This project, "Touqian River Waste AI Image Recognition System," led by Professor Neng-Fu Huang's team from the Department of Computer Science at National Tsing Hua University, aims to address the challenge of monitoring waste pollution in the Touqian River, Hsinchu's vital waterway. Facing the difficulty of capturing real-time, comprehensive data on river waste, the project's core content involves developing and deploying an advanced AI image recognition system.
The project began by installing real-time cameras at key points in the Touqian River basin (such as Matagudao) to automatically collect images. To train a high-accuracy recognition model, the team integrated a diverse image database, including: 1) Actual images captured by on-site cameras (over 500 collected); 2) Public open-source waste datasets like TrashNet (over 4,700 collected); 3) Samples photographed by the team (over 300 collected). Furthermore, the project introduced Generative AI technology to create images of specific or rare types of waste, significantly enhancing the model's training effectiveness and recognition breadth.
Project Results:
This project successfully constructed an automated, intelligent platform for monitoring river waste. Key results include:
- AI Recognition Core: An advanced AI recognition model was successfully trained and deployed. It can accurately identify various types of waste in images, such as plastic bottles, paper, and metal cans.

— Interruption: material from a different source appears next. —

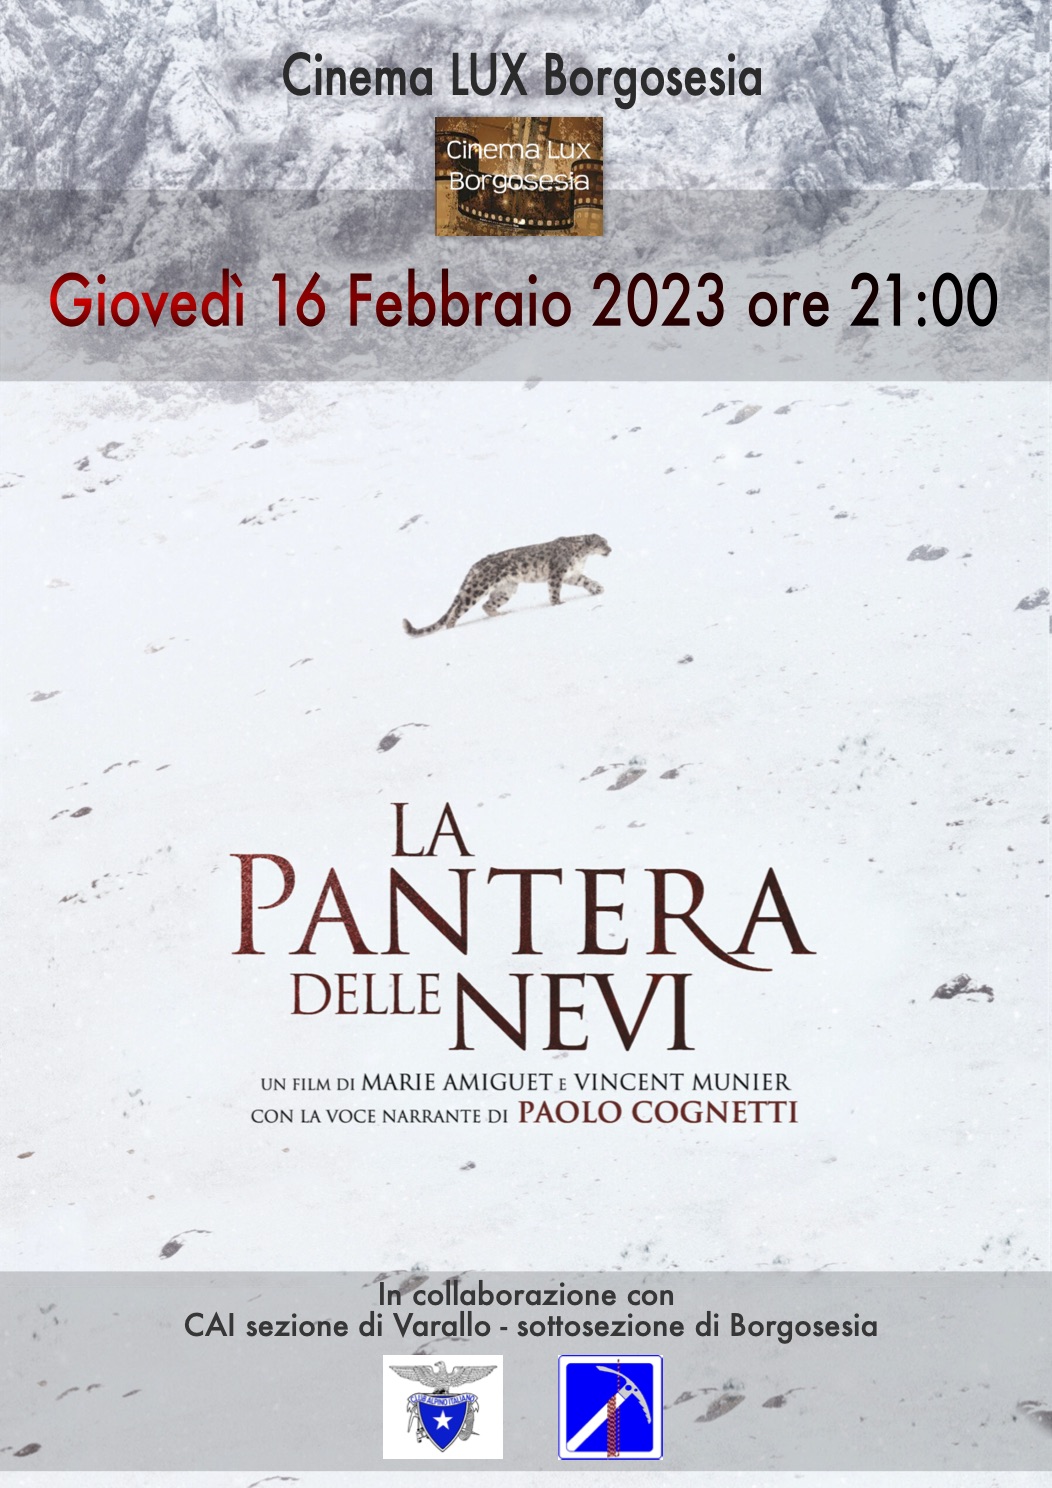 Cinema LUX a Borgosesia -Film "LA PANTERA DELLE NEVI"
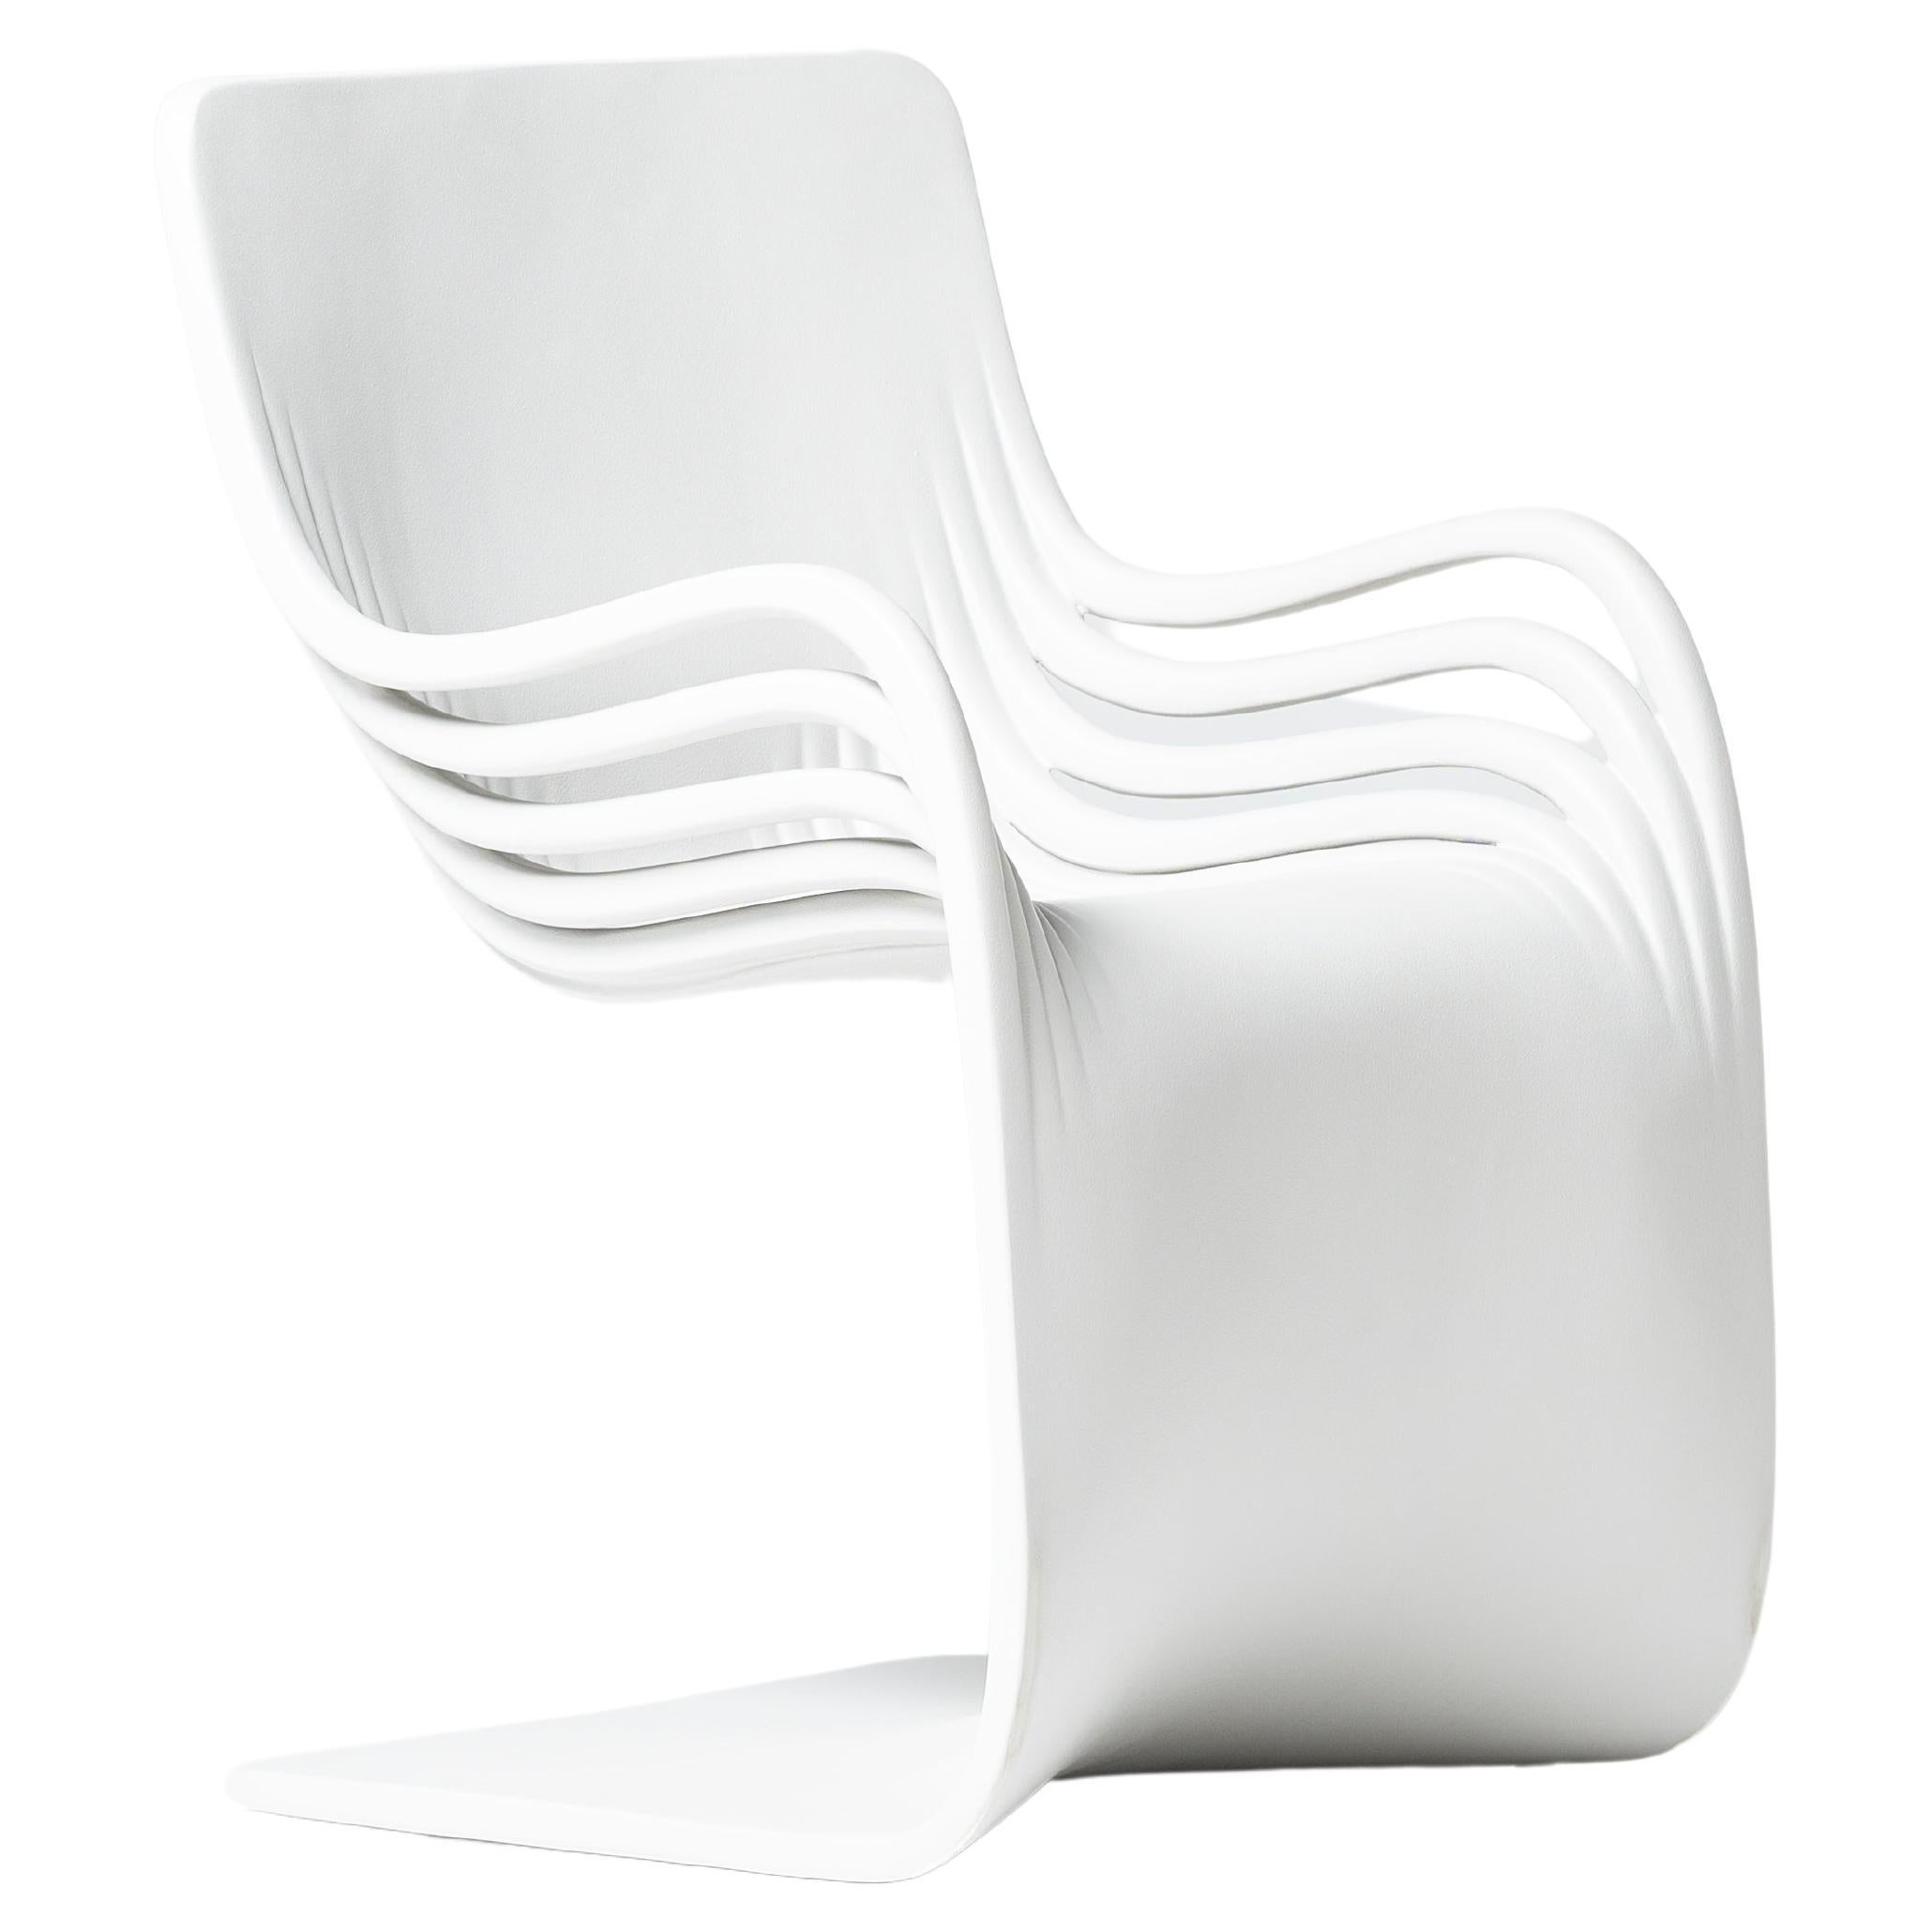  Pipo Fiber by Piegatto, une chaise contemporaine sculpturale

- Real-time Monitoring and Alert System: The system automatically analyzes camera-feed images 24/7. Upon detecting waste, it immediately triggers an alert mechanism (e.g., via Line Notify) to inform relevant authorities for cleanup, drastically reducing response time.
- Data Dashboard and Trend Analysis: The project developed a visual data dashboard. This platform not only displays real-time waste detection results but also features statistical analysis functions. It reveals waste hotspots, common types, and trend periods, providing a strong scientific basis for allocating cleaning resources and formulating pollution prevention strategies.